The top causes of graft failure were alloimmunity (38.7%), glomerular diseases (18.6%), and renal tubular injury (13.9%), Mark D. Stegall, MD, of William J. von Liebig Transplant Center, Mayo Clinic, Rochester, Minnesota, and colleagues reported in Transplantation Direct. More than three-quarters (79.4%) of the alloimmune losses were associated with antibody-mediated damage. Renal tubular injury comprised recurrent episodes of acute tubular necrosis due to infection (39.0%), recurrent/chronic hypovolemia (14.3%), a severe episode of acute tubular injury (16.9%), and cardiorenal syndrome (15.6%).
Major causes of DWFG included malignancy (20.0%), infection (19.7%), and cardiac disease (12.6%) with risk factors of older age, pretransplant dialysis, and diabetes as the cause of kidney failure.

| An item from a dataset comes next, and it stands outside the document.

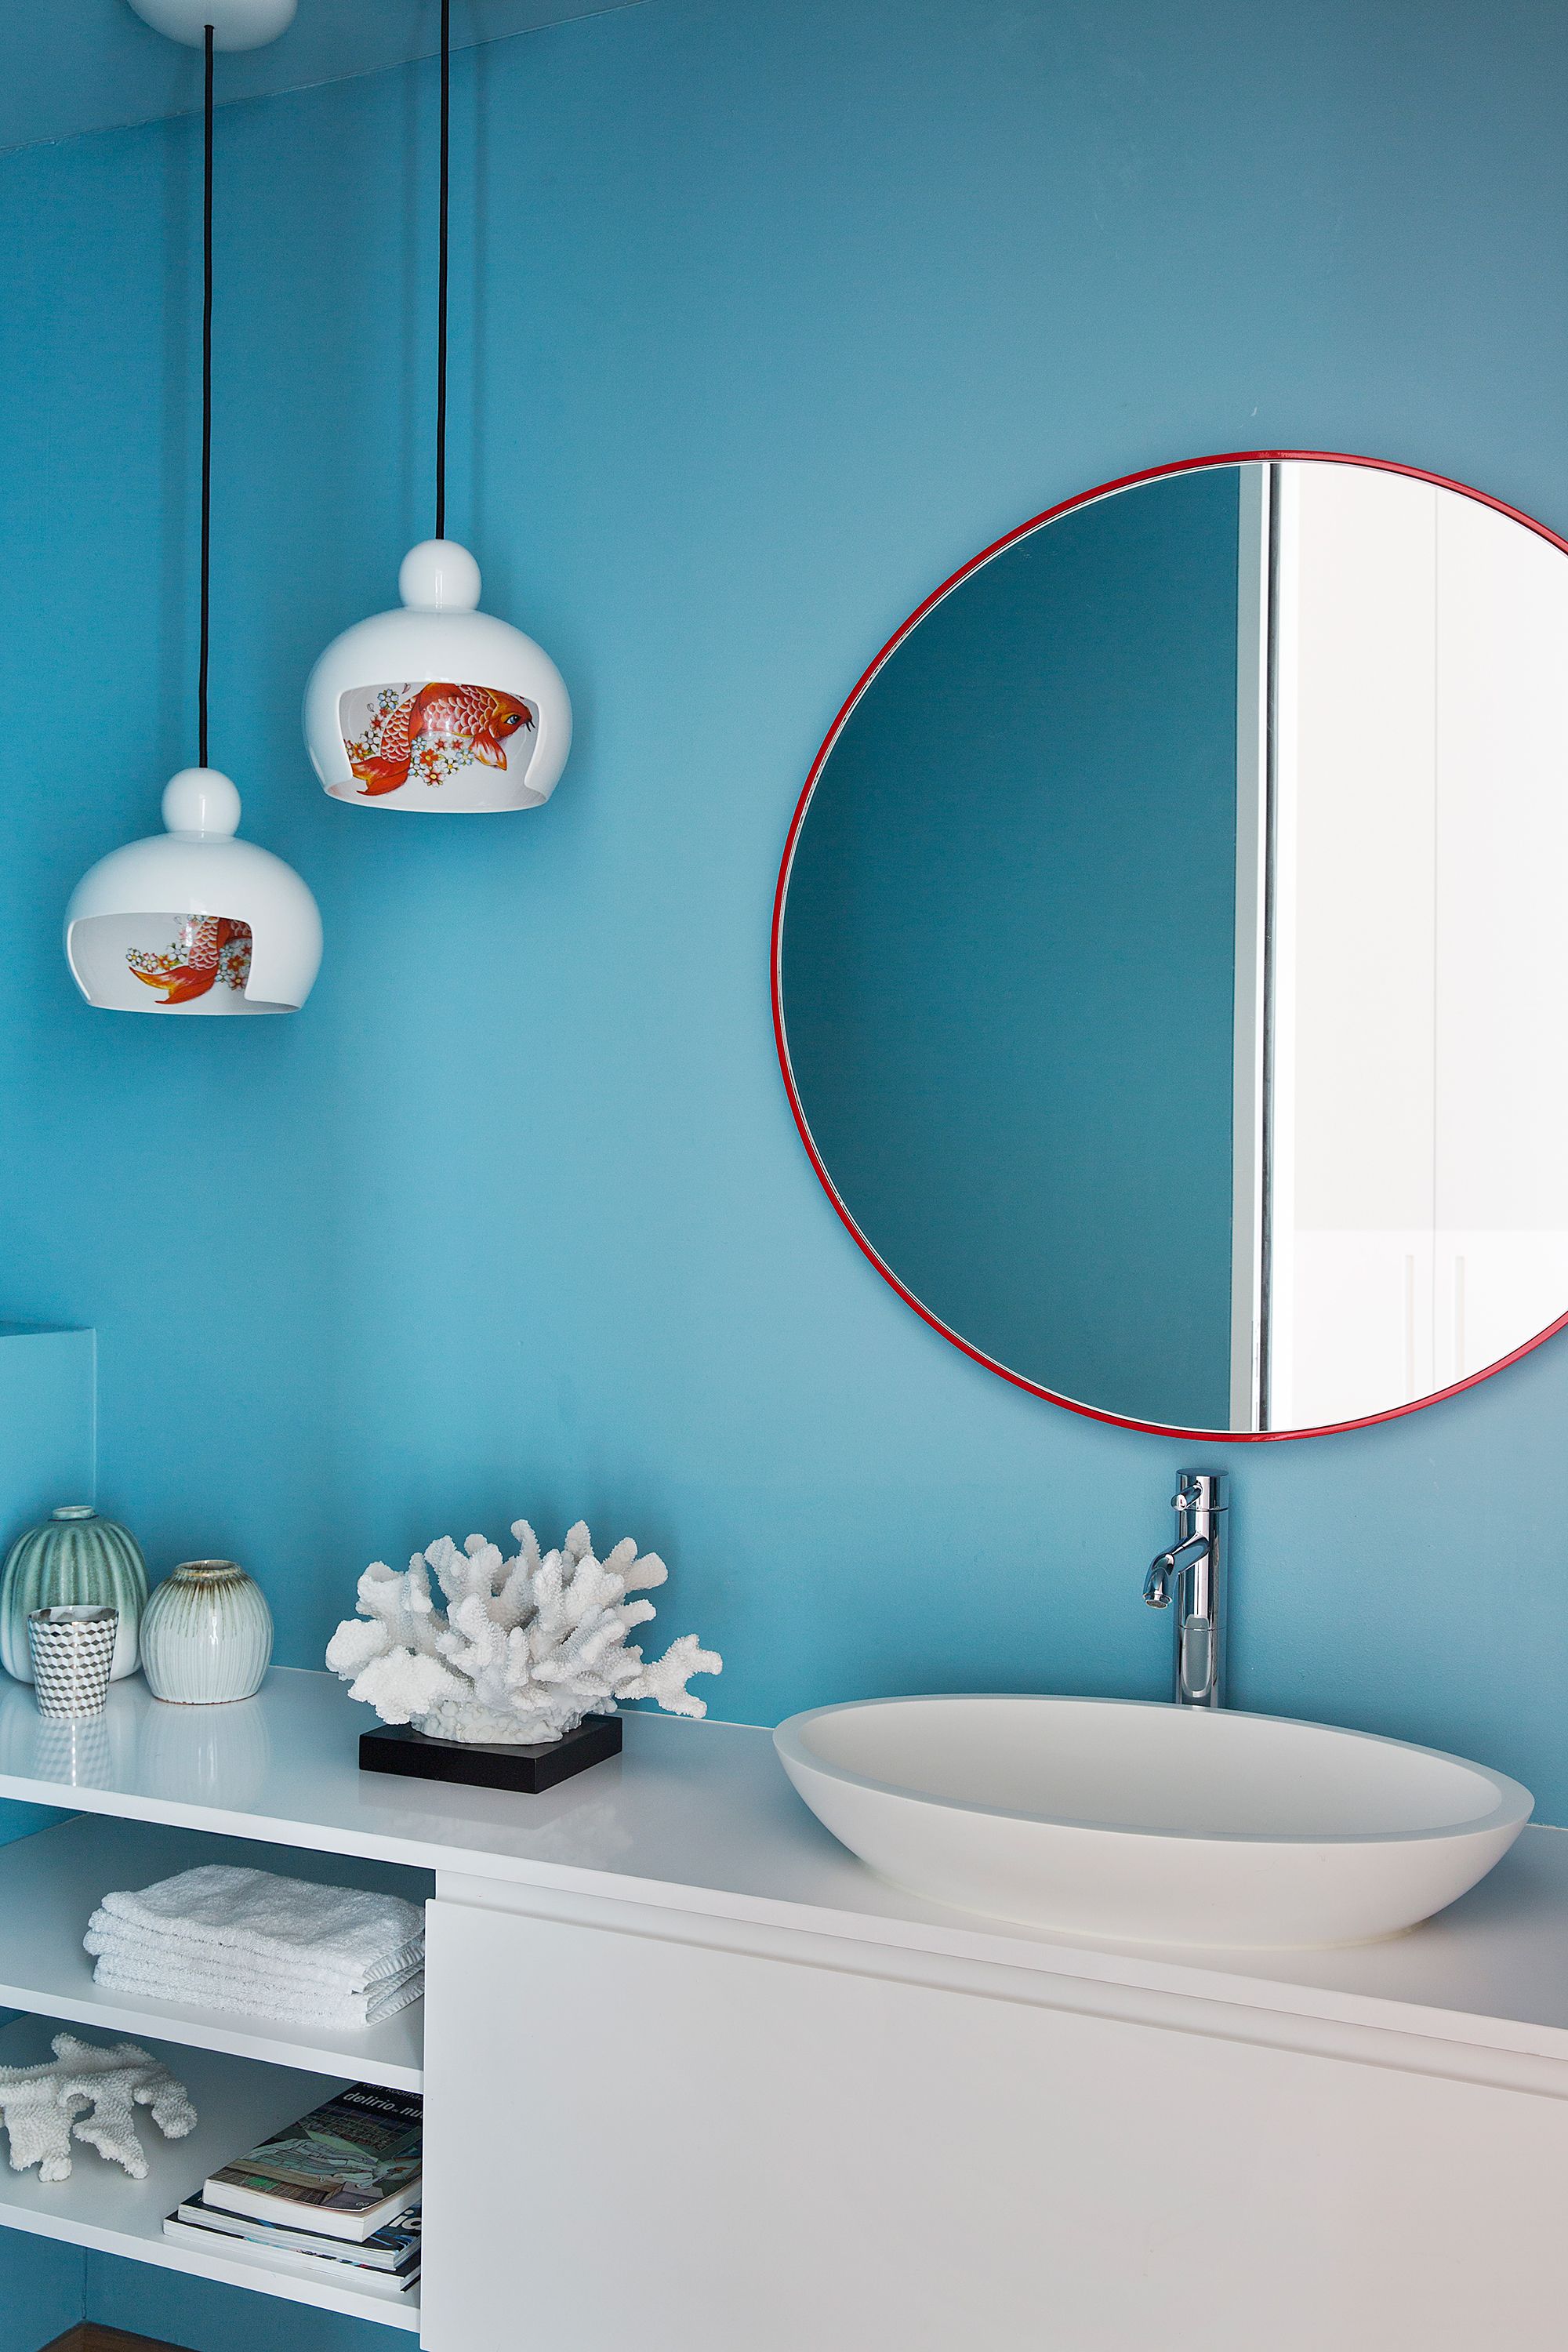 Cómo utilizar espejos en la decoración de tu casa según el Feng Shui

According to competing risk incidence models, patients aged 55 years and younger had significantly higher rates of graft failure due to alloimmune causes compared with older patients. Recipients with vs without diabetes had significantly higher rates of nonalloimmune graft loss. Patients with nonalloimmune causes of graft failure had fewer rejection episodes and were older and less nonadherent to therapy compared with patients with alloimmune causes.
According to Dr Stegall’s team, the data indicate that there are 2 populations of high-risk transplant recipients that can be identified at baseline: Young recipients without diabetes who lose their allograft due to alloimmunity and older recipients with diabetes prone to DWFG and graft failure due more often to a mixture of nonalloimmune causes.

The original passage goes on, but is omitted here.